Problem to work on => Every line holding the string "Floral" should be copied out of the listing.

Supplied entries =>
· · · · ·

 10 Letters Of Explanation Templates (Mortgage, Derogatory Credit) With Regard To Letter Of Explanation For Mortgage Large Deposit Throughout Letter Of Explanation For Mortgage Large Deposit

· · · · ·

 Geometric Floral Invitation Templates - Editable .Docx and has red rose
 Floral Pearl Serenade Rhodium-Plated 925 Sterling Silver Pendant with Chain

· · · · ·

Your solution =>
 Geometric Floral Invitation Templates - Editable .Docx and has red rose
 Floral Pearl Serenade Rhodium-Plated 925 Sterling Silver Pendant with Chain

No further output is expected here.